FPGA implementations for feed-forward and QKD systems
This project deals with the design and realisation of digital hardware for the evaluation of quantum events. This is necessary in various quantum communication scenarios in order to evaluate and classify photon events, and to react quickly to them.
Specifically, the goal of this project is to design, develop, verify, and test FPGA-based signal processing solutions to digitally decode signals provided by photon detectors, time-stamp them, calibrate them using previously stored values, determine the parameters for the phase modulator and pass them to the digital-to-analogue converters. This is needed to be able to realise modular and expandable quantum-based feed-forward systems in several development stages.
Secondly, an FPGA-based system is to be conceptualised, developed, verified, and tested for a communication scenario that secures communication with the aid of a quantum key distribution (QKD) procedure. This is to realise a classical communication channel with which both time stamps of photon detection events and user data can be transmitted efficiently and securely. The second scenario is partly based on the first and extends it.
Design of FPGA-based partially dynamically reconfigurable systems
The aim of the project is to reduce the amount of sensor data to be transmitted through efficient and sensor-related data (pre)processing and to protect it from unauthorised access. The analysis of the sensor data is to be carried out using AI-based algorithms, e.g., neural networks. These algorithms, supplied by the project partner IMMS, must be adapted for use in an embedded sensor node, optimised and implemented in an energy-efficient and resource-saving manner. In addition, the amount of data can be further reduced by data compression before the transmission. Through these measures, a reduction in the amount of data by several orders of magnitude is achieved. An integrated data encryption is to ensure the privacy of the sensitive data.
This research project focuses on the implementation of AI-based digital data processing for intelligent sensor nodes.

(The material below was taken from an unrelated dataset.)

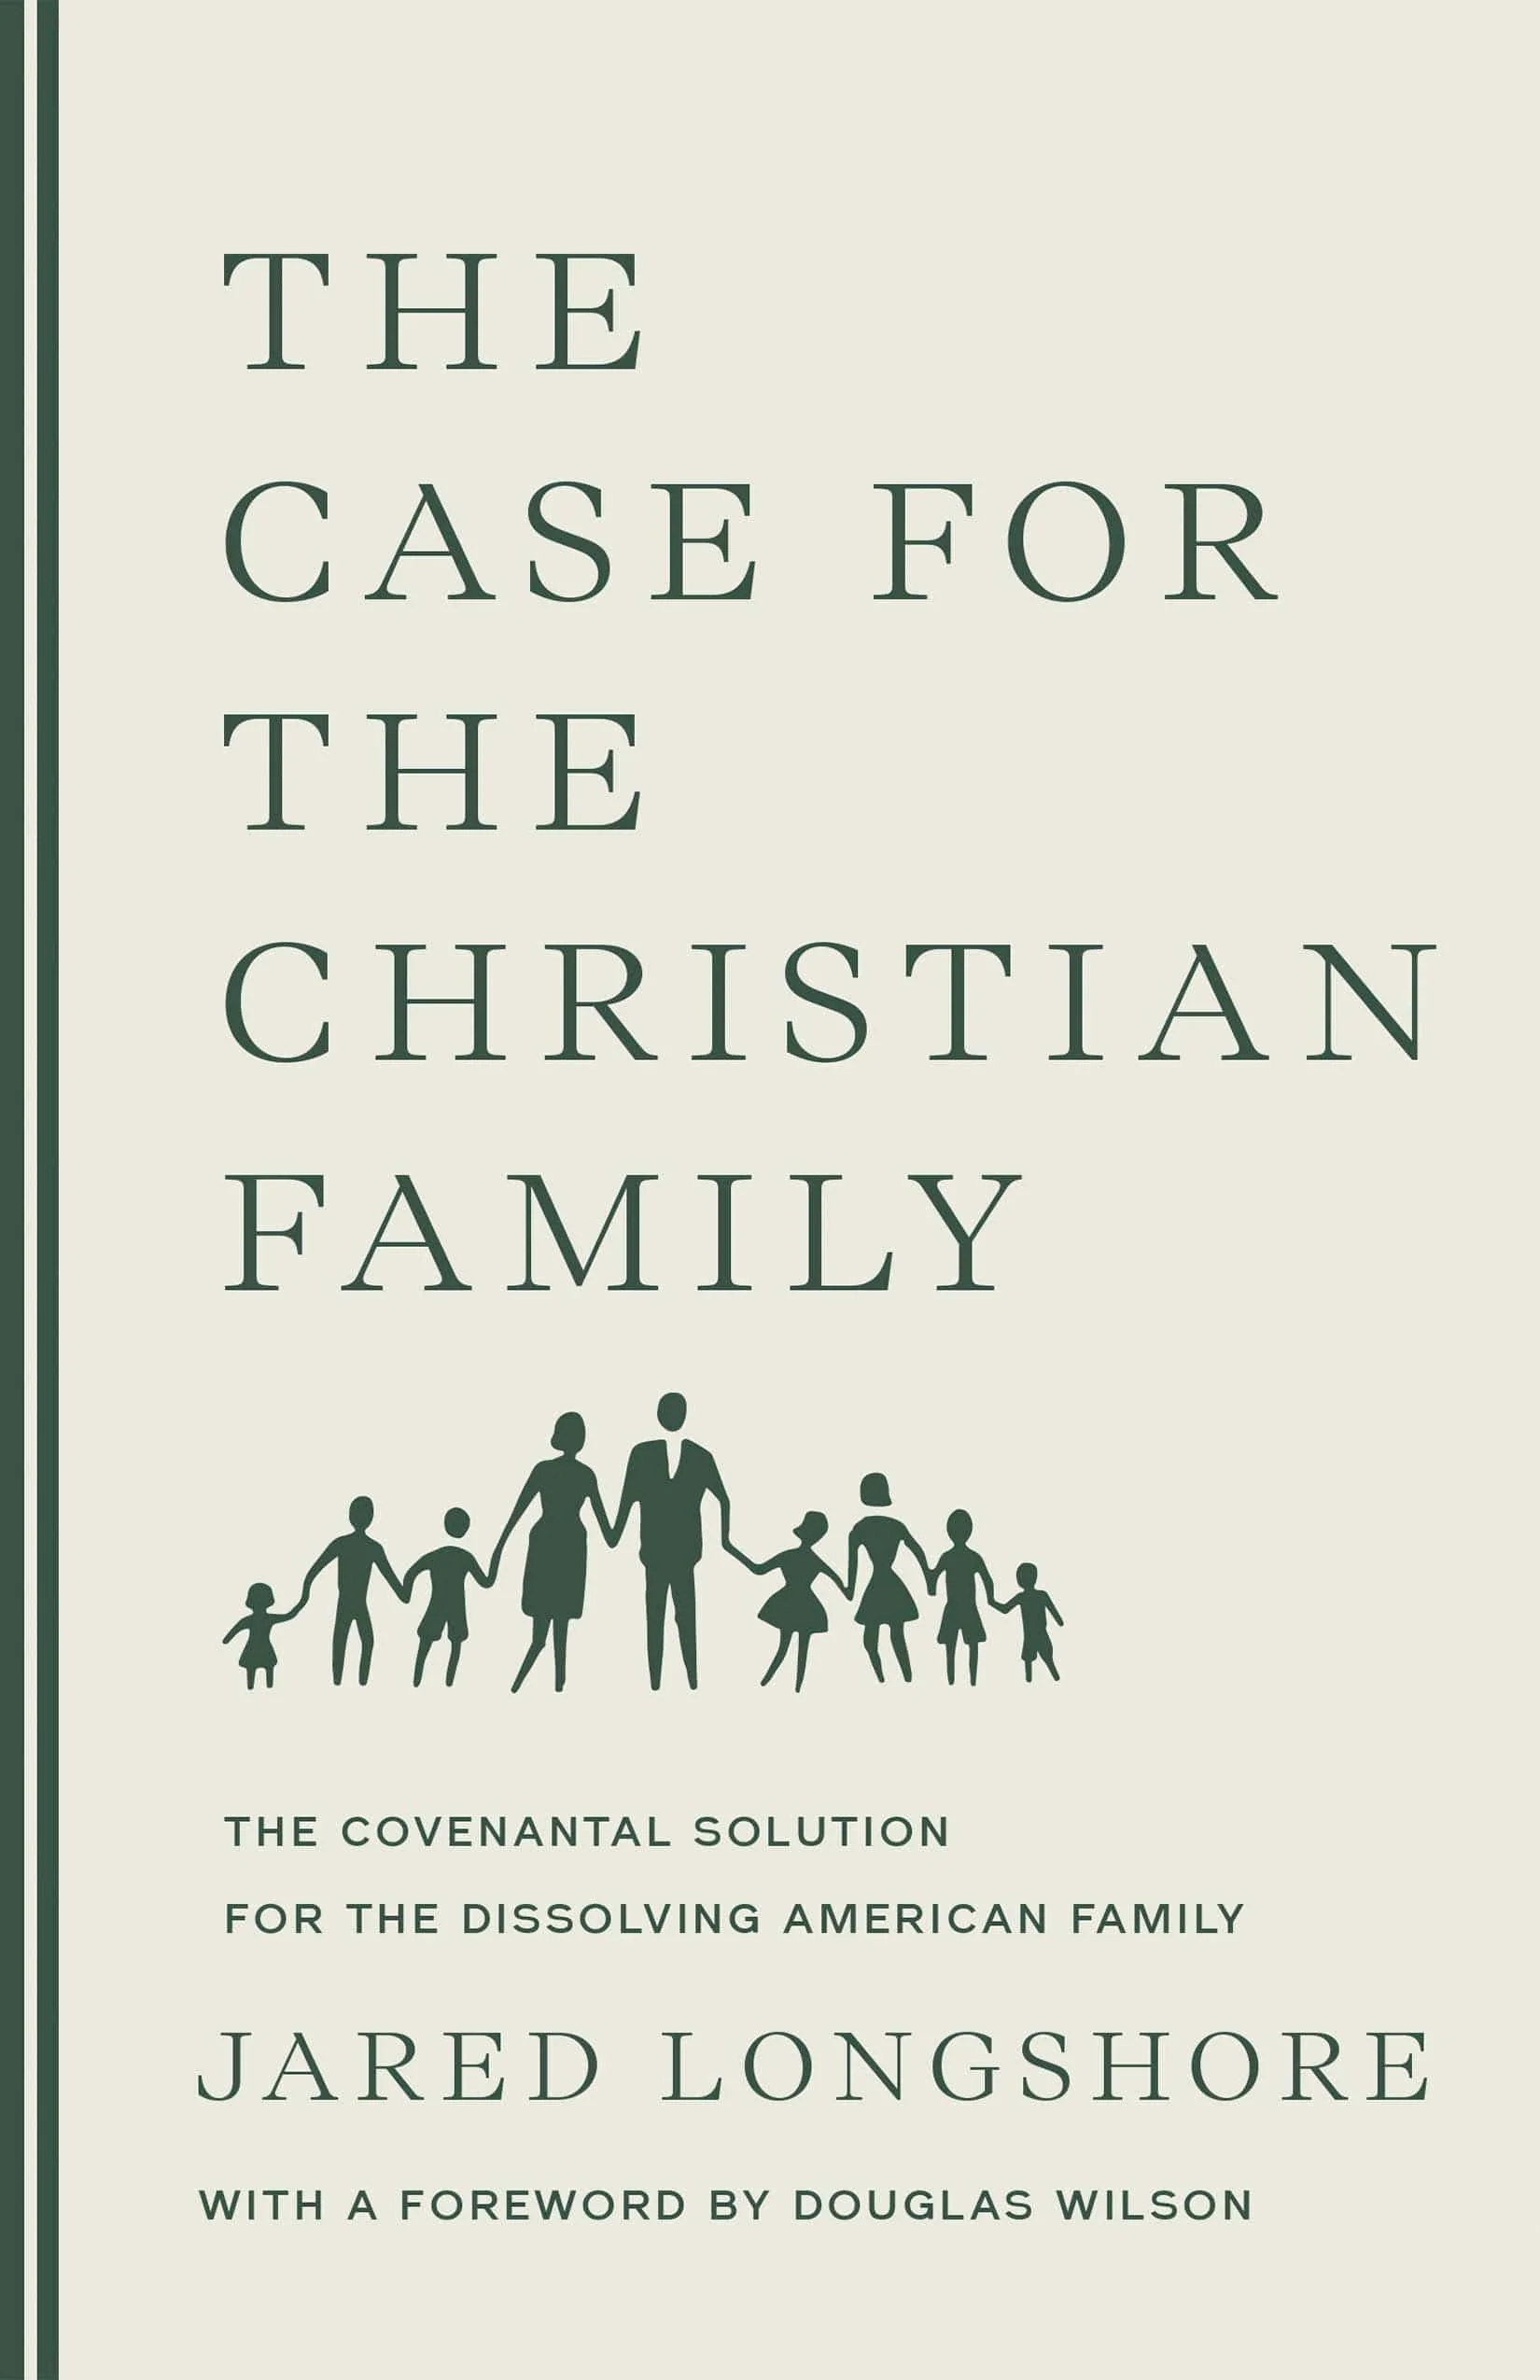 jared-longshore-books-paperback-the-case-for-the-christian-family-30952068874288

The aim is to research solutions that are both energy-efficient and scalable. The focus is on the use of resource-limited, possibly battery-powered systems. In addition, the combination of data from different sensors will be supported. For reasons of efficiency, FPGA-based implementations are favoured.

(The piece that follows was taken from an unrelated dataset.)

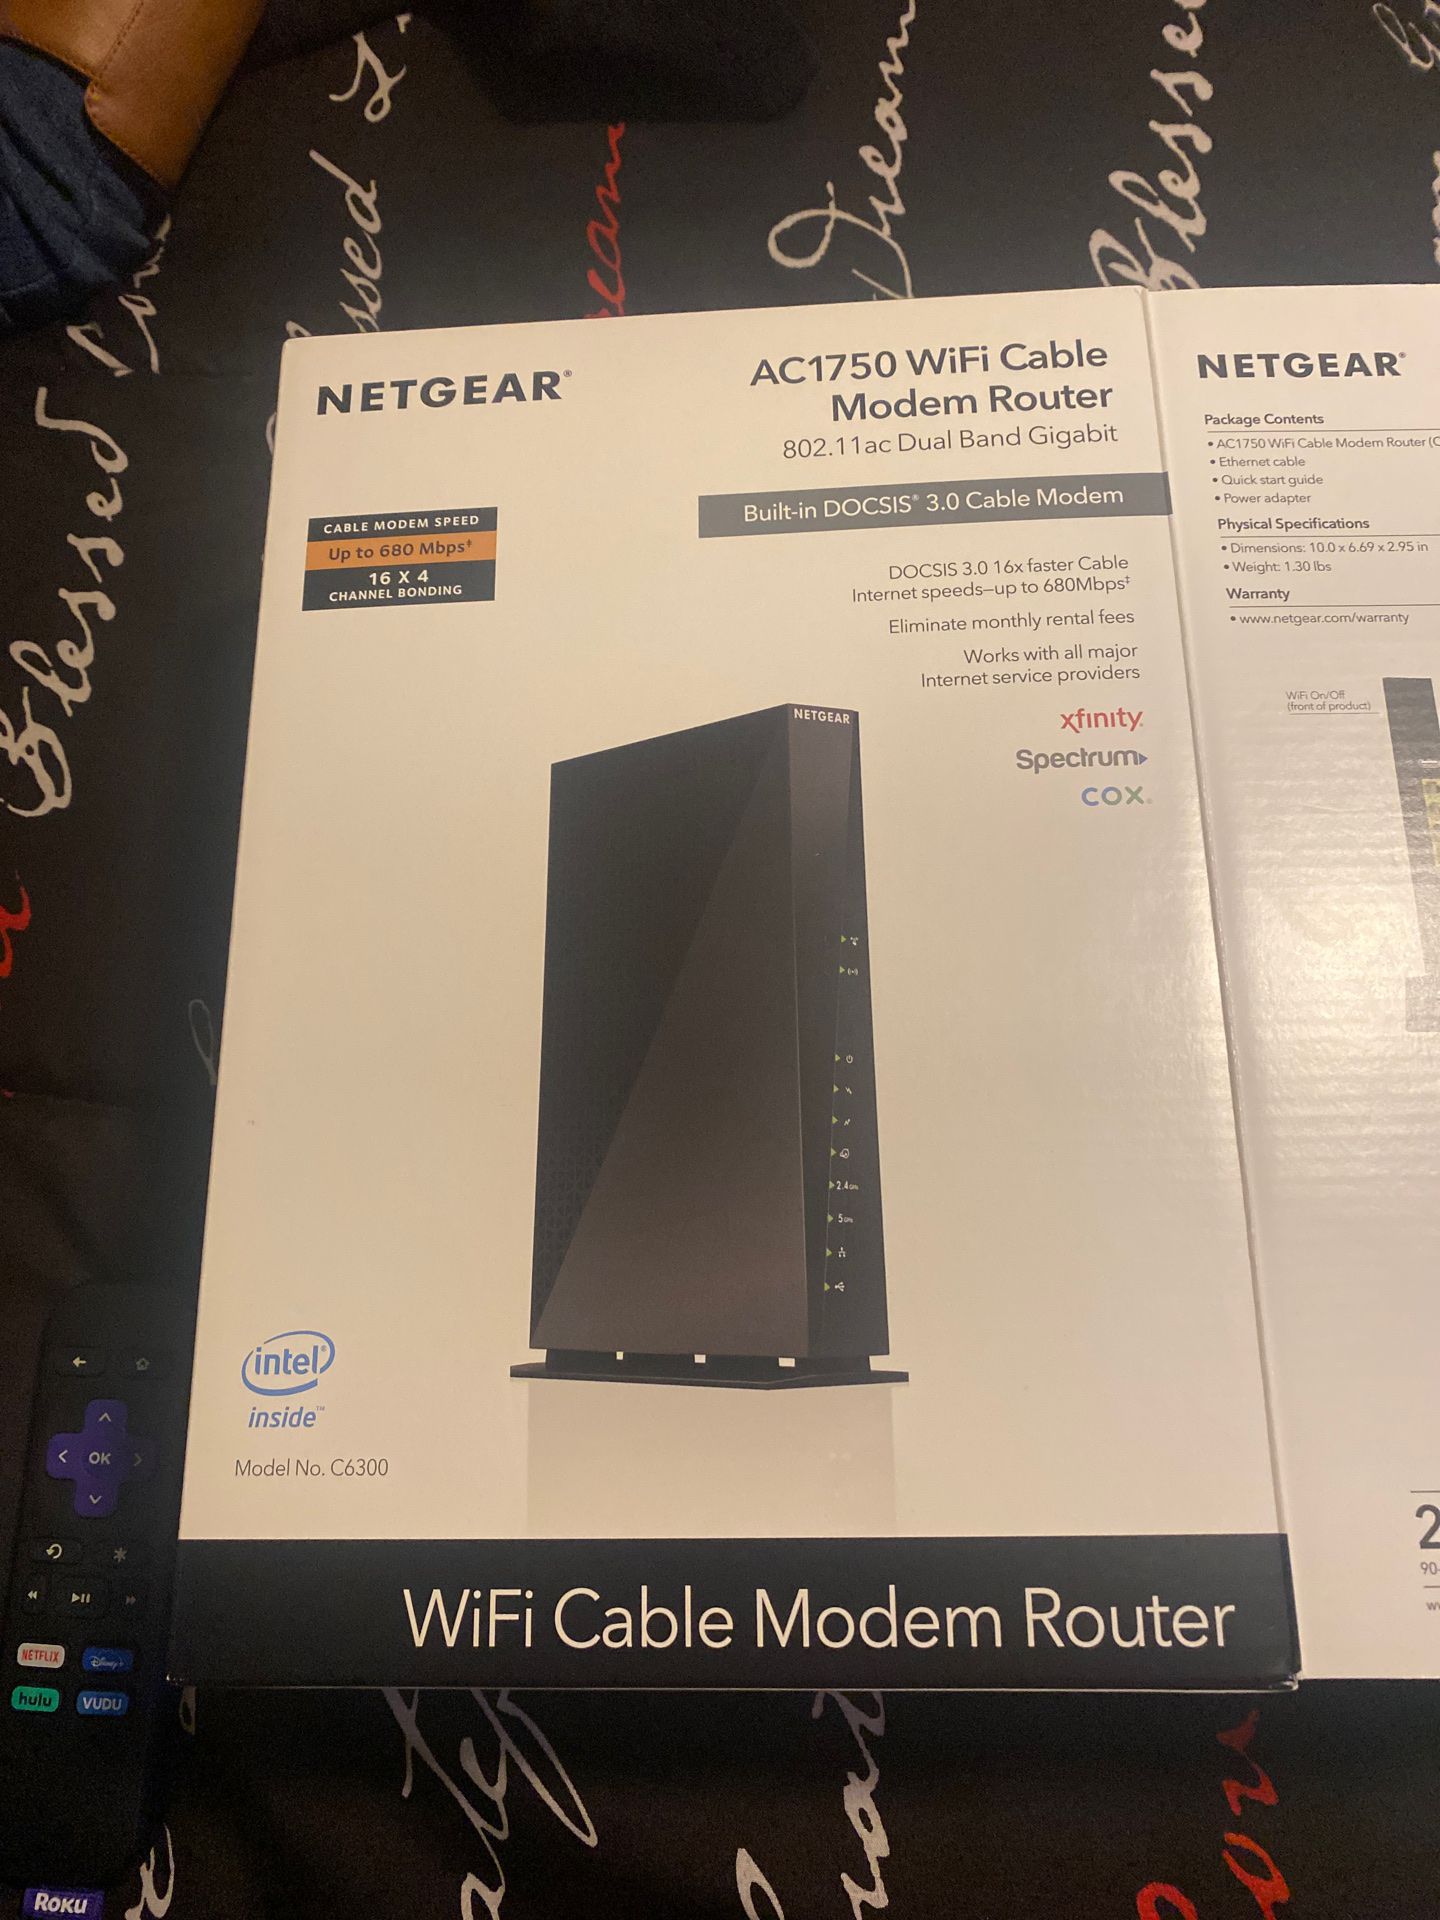 Wfi cable modem router

Ecological Motor Control and Predictive Maintenance with AI
The ECOMAI project offers a basis for Europe to establish a leading role in AI-enhanced electrical motor drive technology – from hardware to applications – through solutions that support the green and digital transitions.
Electric motors are everywhere from laptop fans and dishwashers to industrial machinery, robots, public transport and more. A modern car can alone contain about 40 motors for various functions. But these valuable uses come at a cost. It has been calculated that electric motors account for 40% of worldwide power consumption and 20% of CO2 emissions.
This platform will provide both cost-efficient AI functionality and explore advanced accelerator and approximate computing principles. Furthermore, ECOMAI will deliver an innovative Model-based Design and Automation Framework: a full development toolkit that combines model-based design and an AI compiler for the specialised hardware platform along with a full system modelling and simulation environment. This will make ECOMAI’s technologies easily accessible, particularly for SMEs.